For this analysis, I will be using a dataset that includes information on 10,000 bank customers from a multinational European bank operating in France, Germany, and Spain. To predict instances of customer churn, I will be using a combination of decision tree-based models. These models will consider various customer attributes and establish baseline predictors. By analyzing the importance of these attributes, we can determine which ones are most influential in making churn predictions. If the model achieves a high level of accuracy, and we can identify the most significant features used in the predictions, we can gain a better understanding of why customers leave.

In this project, I prioritize recall as the main error metric, which focuses on minimizing false negatives. Identifying customers at risk of churning is crucial for implementing targeted retention strategies and maintaining a stable and satisfied customer base. False negatives, where customers at risk are not identified, are considered more detrimental than false positives (customers marked as churned when they really haven't).

Since the dataset is imbalanced, with churn instances representing only 20% of the data, accuracy will be examined closely as well.

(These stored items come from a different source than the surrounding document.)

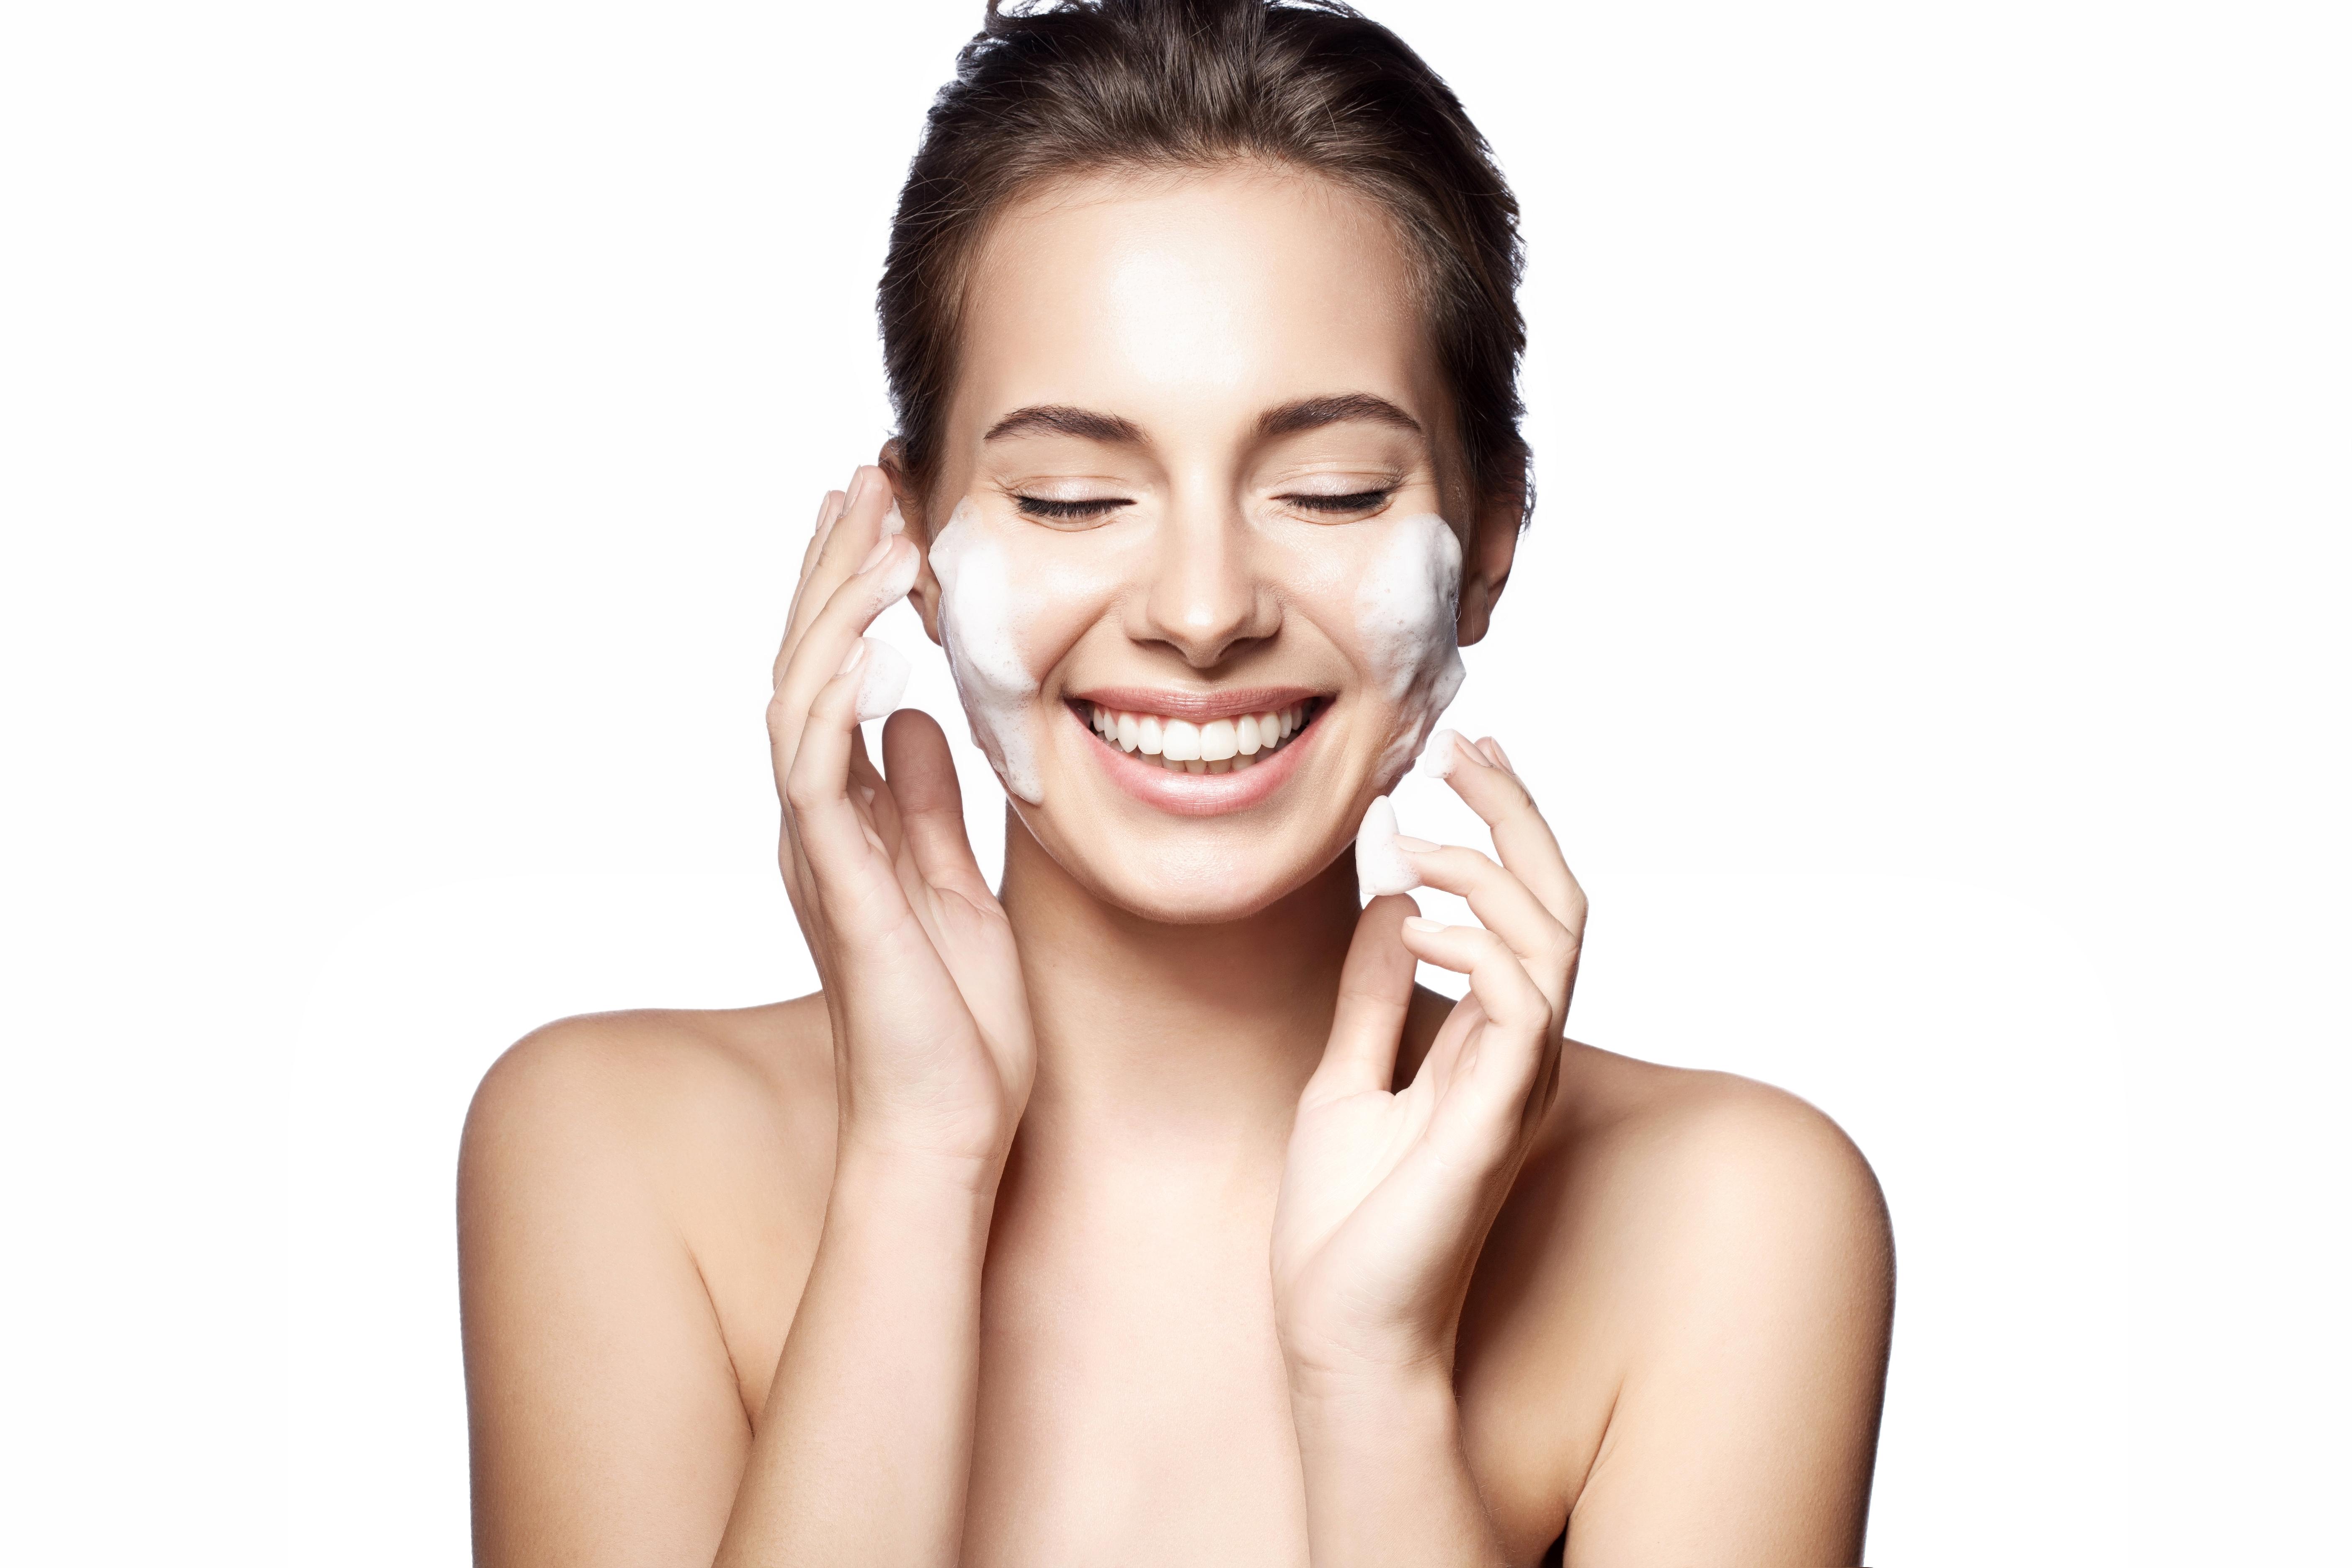 Best Natural Skin Cream For Wrinkles
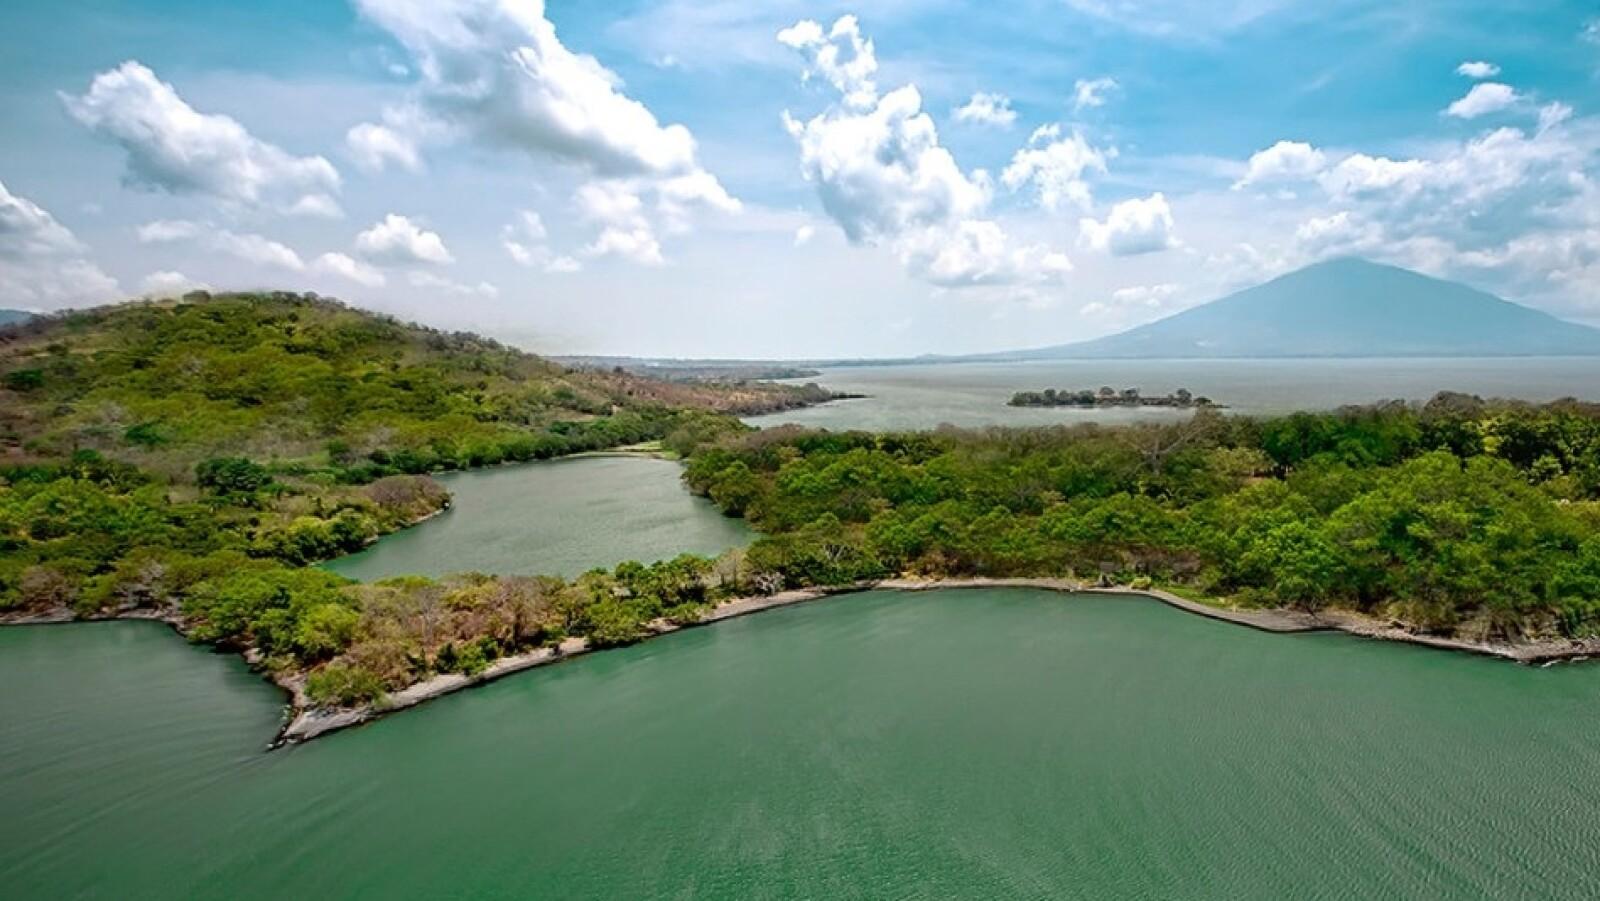 Comisión de Turismo de Nicaragua/CortesíaComisión de Turismo de Nicaragua/Cortesía
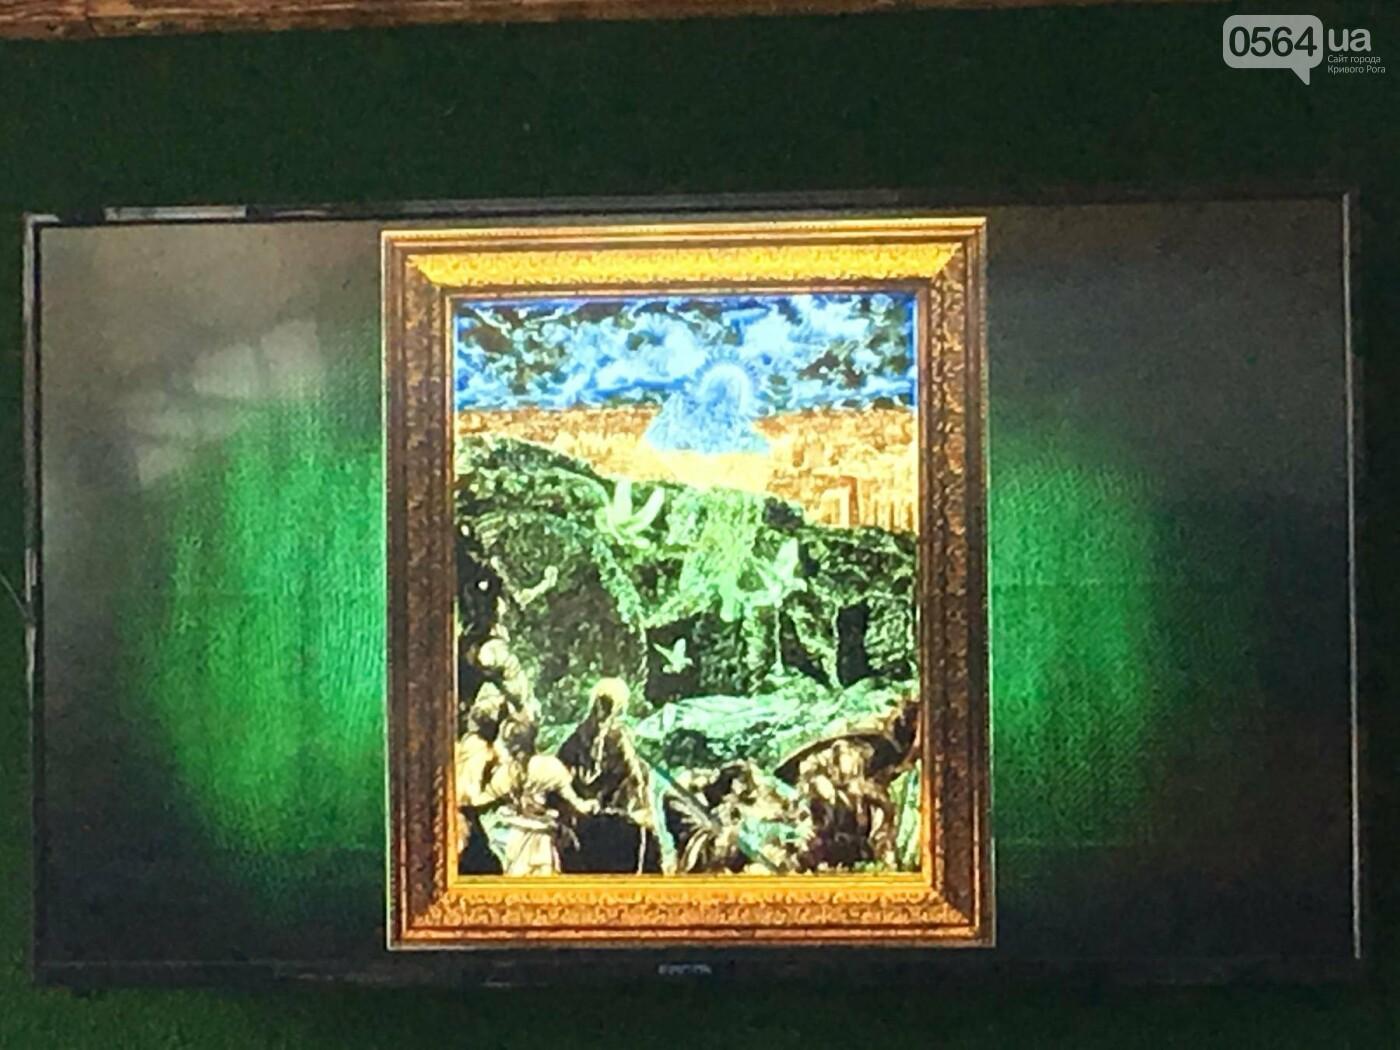 """Перед отправкой в Европу криворожанам презентовали картины """"Тайная вечеря"""" и """"Рыцарь, смерть и дьявол"""", - ФОТО, ВИДЕО, фото-19"""
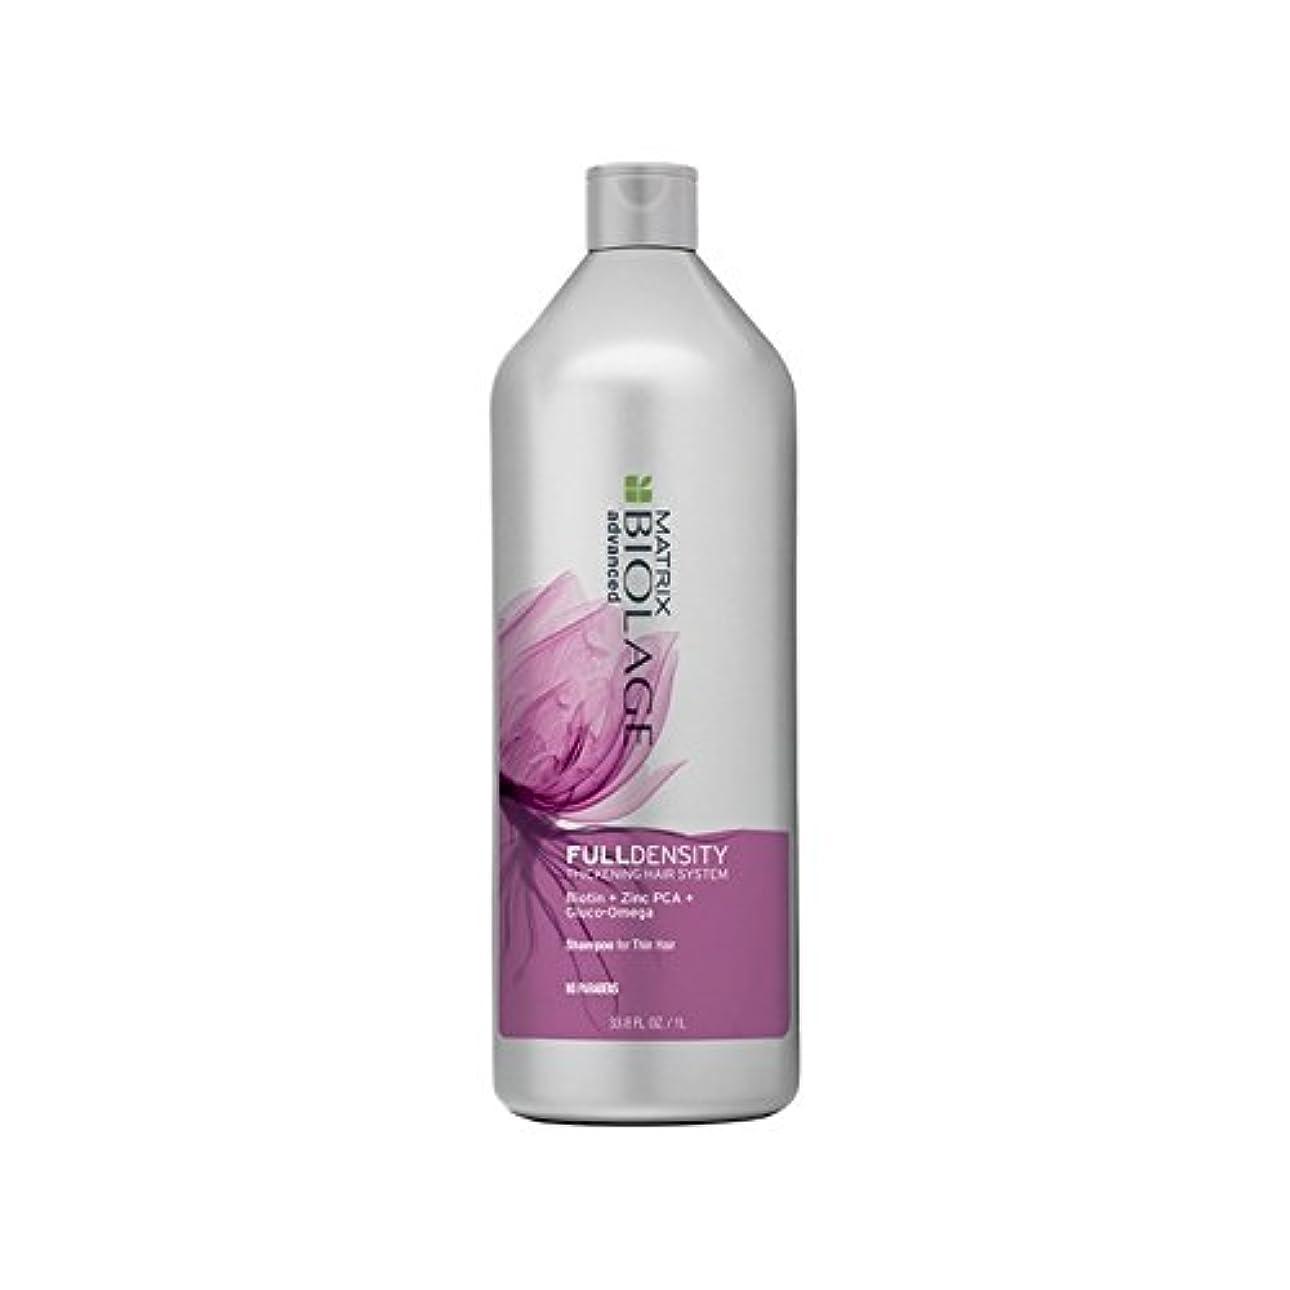 怒っている気分が悪い速度マトリックスバイオレイジ完全密度シャンプー(千ミリリットル) x4 - Matrix Biolage Full Density Shampoo (1000ml) (Pack of 4) [並行輸入品]

Looking at accuracy in isolation is a common mistake made in scenarios like this. For example, if my model boasted an accuracy of 80%, it's entirely possible that it simply marked every customer as not churned, completely missing the intended goal.

I plan to oversample the minority class to address this. Since our minority class, churned customers, only make up 20% of the dataset, it's helpful to give the model more examples to learn and train from. When I oversample, aka give the model's training data artificial examples of churn to learn from, it can make better predictions on real data.

### 1. The Data

To find the data I needed I searched through kaggle and Google dataset search. As mentioned above, the dataset I landed on was a set of 10,000 customers from a European multinational bank. It contained the following columns: 

1. customer_id - unique key for each customer.
2. credit_score.
3. country.
4. gender.
5. age.
6. tenure - how long they've been with the bank. 
7. balance - account balance. 
8. products_number - number of the banks financial products each customer is enrolled in. 
9. credit_card - indicates if the customer has a credit card or not. 
10. active_member. 
11. estimated_salary. 
12. churn, used as the target - 1 if the client has left the bank during some period or 0 if he/she has not.

### 2. Modeling Methods

I plan to primarily use XGBoost models for this project. XGBoost is a tree-based model that creates a series of decision trees, each learning from the mistakes of the last. The final tree in the model is an aggregation of every tree that came before it.

Once that final tree is reached, it can be further tuned and refined until a desired level of performance is achieved. After achieving that performance, you can ask the tree which features it used most when making its decisions to begin to paint a picture of the answers we want, i.e., which customer attributes most impact a customer's churn status. We'll ask the models we create which features it used most when predicting a customer as churned or not churned. 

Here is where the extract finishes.